Falling oil prices and slowing inflation have prompted the CBI to upgrade its forecasts for economic growth this year, although it warned that exporters still face a threat from the “shaky” eurozone.
The employers’ organisation today said that the UK economy is expected to expand by 2.7 per cent in 2015, up from its previous prediction of 2.5 per cent.
Rain Newton-Smith, the CBI’s director for economics, said: “The UK is in good shape compared with other economies, with both investment and household spending underpinning economic growth. But there are still risks to exports from a shaky eurozone.”
The CBI cited continued strong job creation and said a pick-up in wages growth was combining with low inflation to boost living standards. Inflation for December was measured at a record-equalling low of 0.5 per cent, while figures for January will be published tomorrow.
The lobby group also said that declining energy prices were feeding through to lower operating costs for companies – although North Sea companies have taken a hit. Oil prices have fallen by around half since last summer.
The CBI said the better picture for the economy also reflected the likelihood that the Bank of England would not raise interest rates from 0.5 per cent until early next year. It expects to see growth of 2.6 per cent for 2016.
However, in an article for a Sunday newspaper, monetary policy committee (MPC) member Martin Weale said that interest rates will “have to rise somewhat earlier than market participants currently expect”, as the central bank’s forecasts show inflation could rise above its 2 per cent target by the middle of 2017.
Although a gradual rise in borrowing costs remains the most likely outcome, Bank of England governor Mark Carney last week said that the MPC stood ready to cut interest rates or re-start its money-printing programme if deflation or very low inflation were to set in.
The CBI also warned today of continued political volatility at home and abroad due to the looming UK general election, Greek debt crisis and stand-off over Ukraine. “As a result, exporters are finding it harder to secure orders and net trade is unlikely to provide much of a boost to growth over the next two years.”
Katja Hall, the CBI’s deputy director-general, added: “UK growth continues to outshine its counterparts in Europe and progress is ‘steady as she goes’.
“While lower oil prices are keeping costs down for businesses and consumers, the North Sea oil companies are suffering, harming jobs and investment in the industry. Now is not the time for complacency, but falling unemployment coupled with improving wage growth and rock bottom inflation should mean that people see more money in their pockets.”
The CBI’s economic forecast brings it into line with the International Monetary Fund’s latest projection.
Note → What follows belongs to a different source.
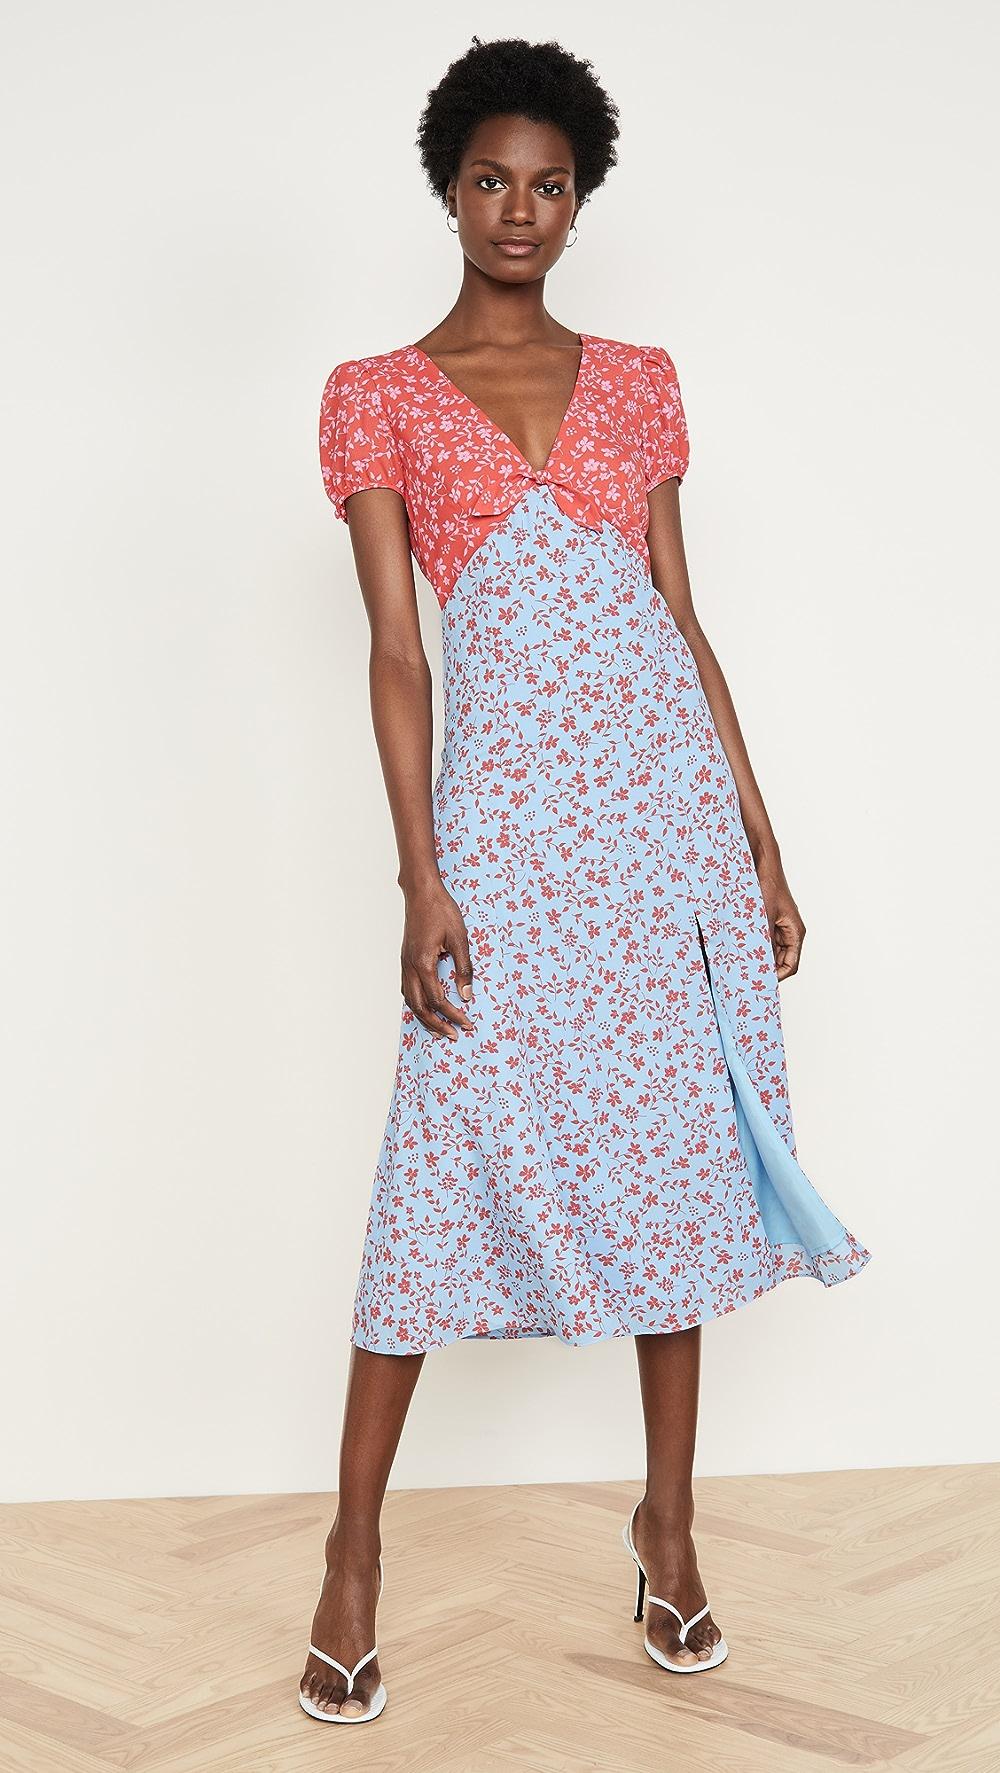 Original Likely - Raffa Dress Moderate Cost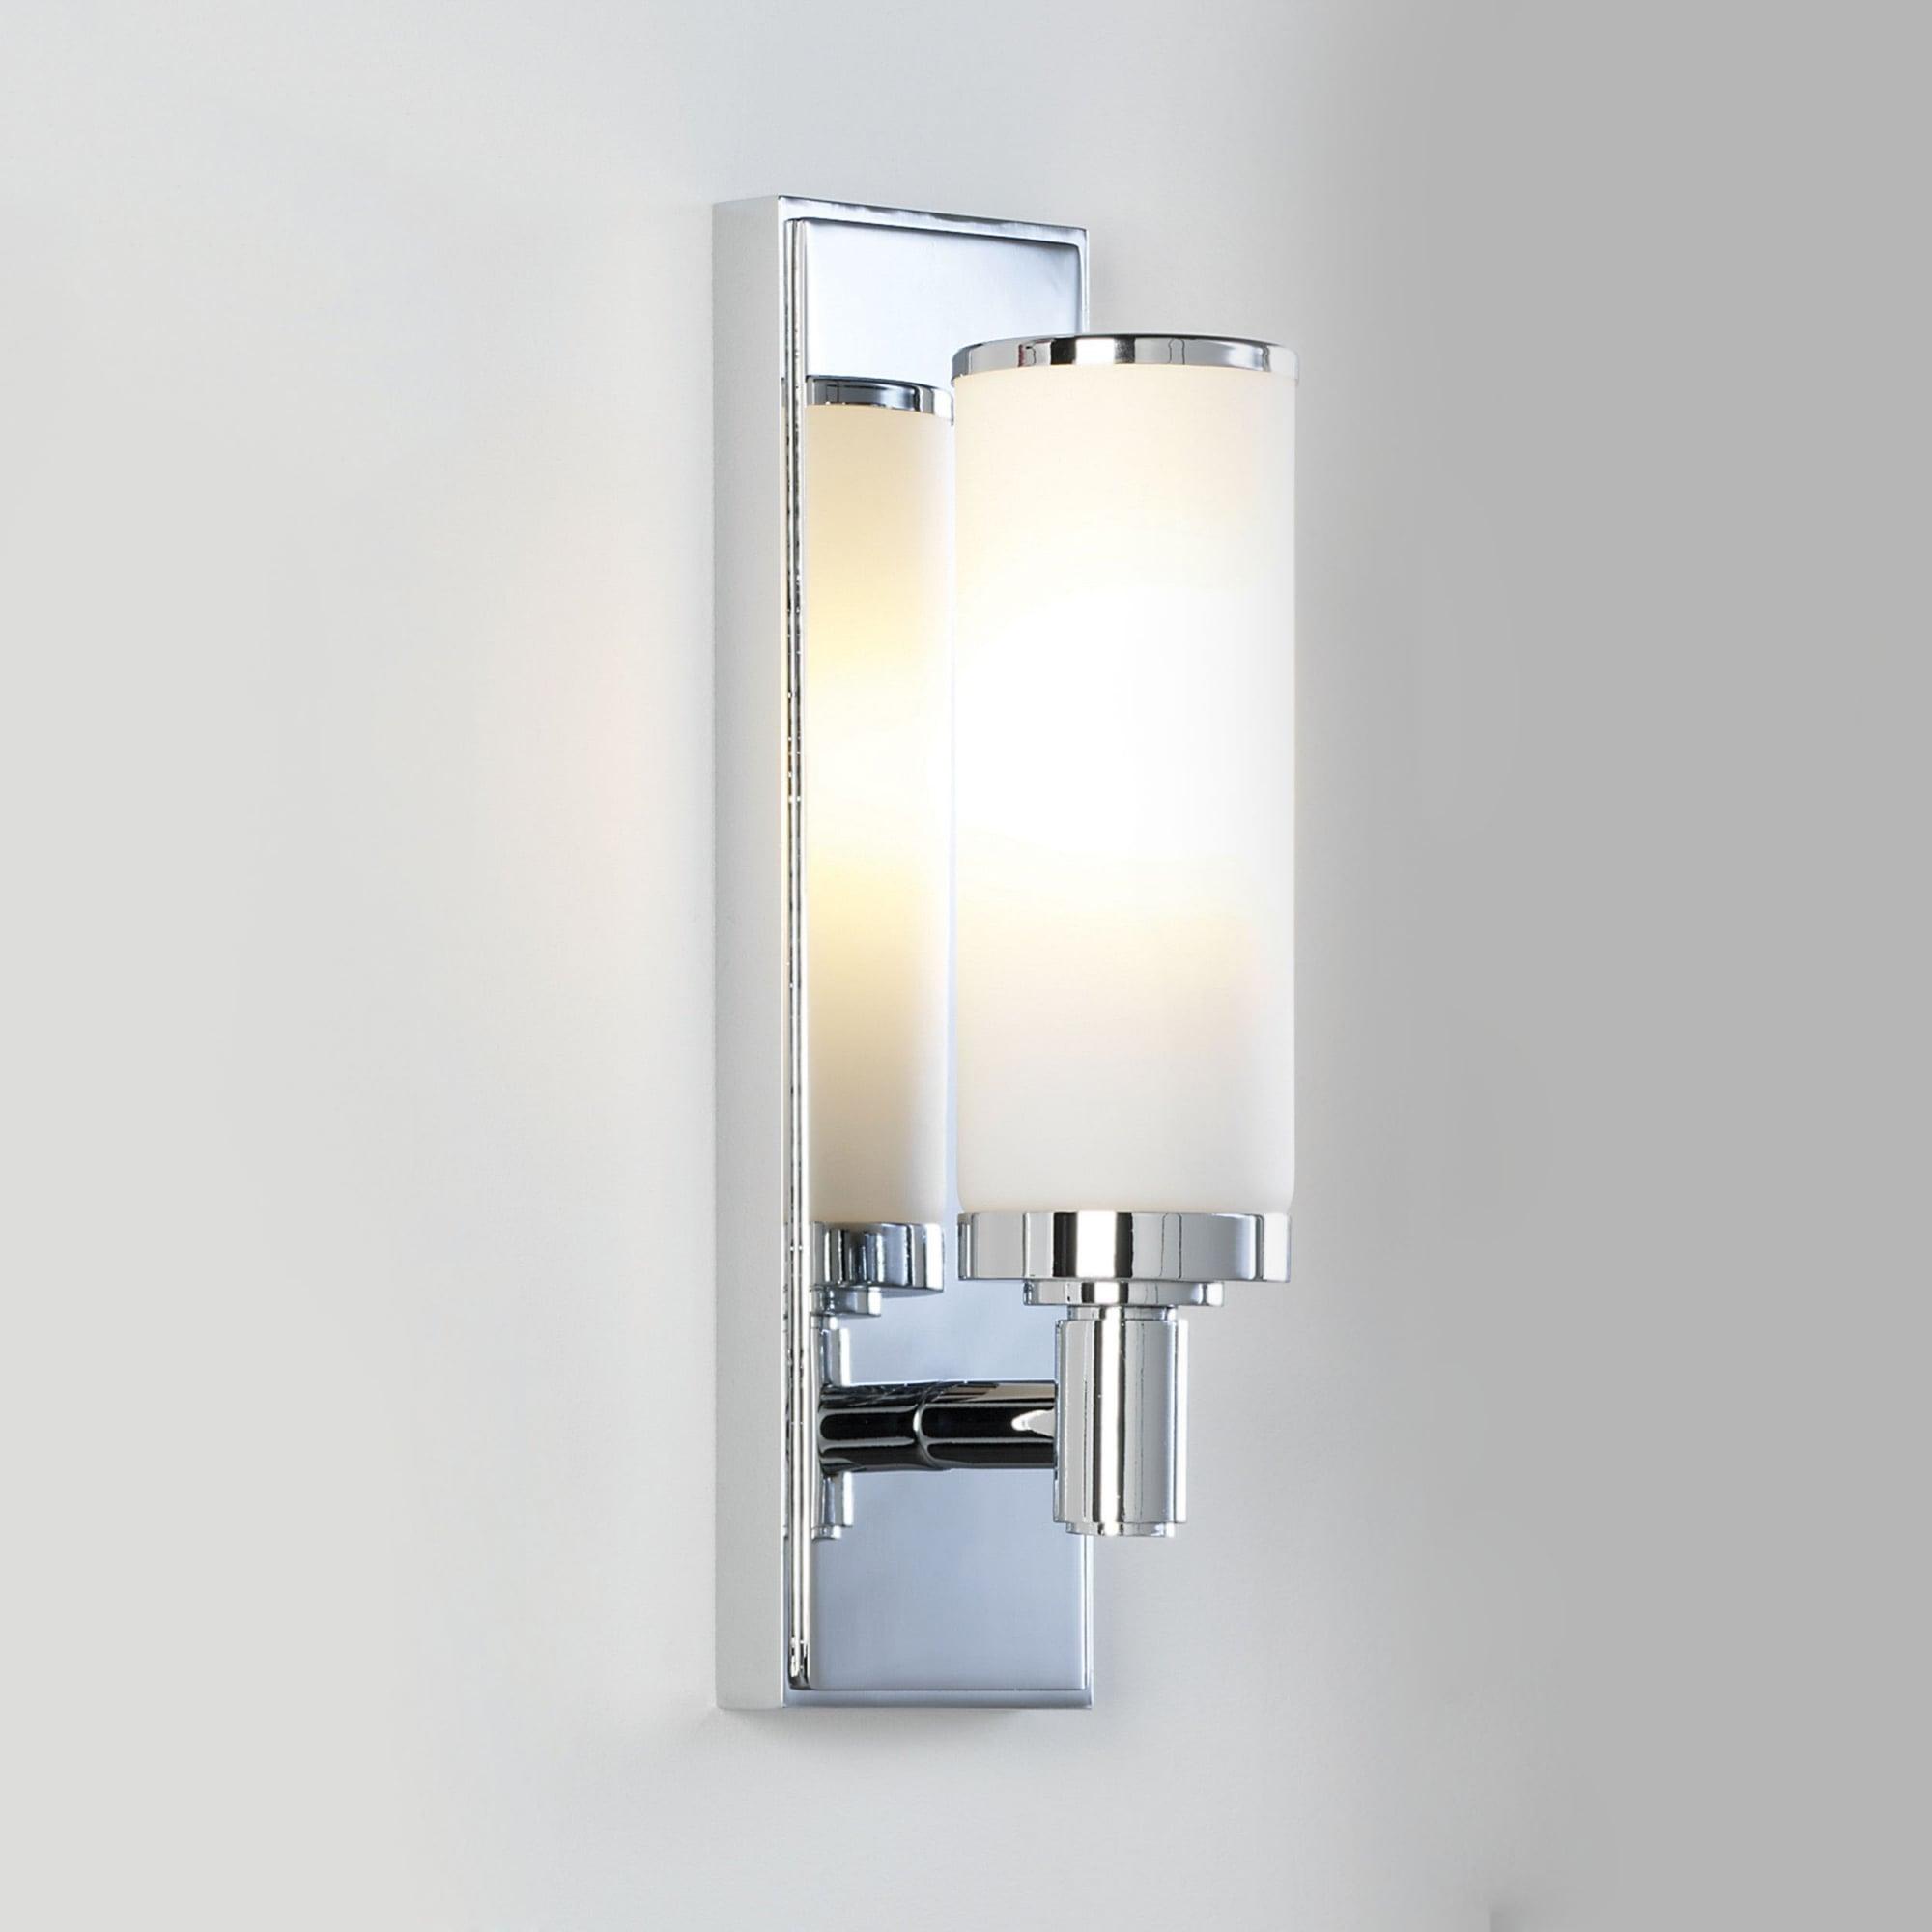 Astro 1147001 Verona Chrome Wall Light Ip44 With Opal Tube Ideas4lighting Sku34521i4l

The Bank of England forecasts growth of 2.9 per cent.
A Treasury spokesman said: “The CBI’s latest economic forecasts are further proof our long-term economic plan is working, showing upgrades to UK growth forecasts for 2015 and 2016 with pay cheques growing significantly faster than inflation. This is welcome news for households and families, but the job is not yet done so we must keep working through the plan that is delivering economic security in an uncertain world economy.”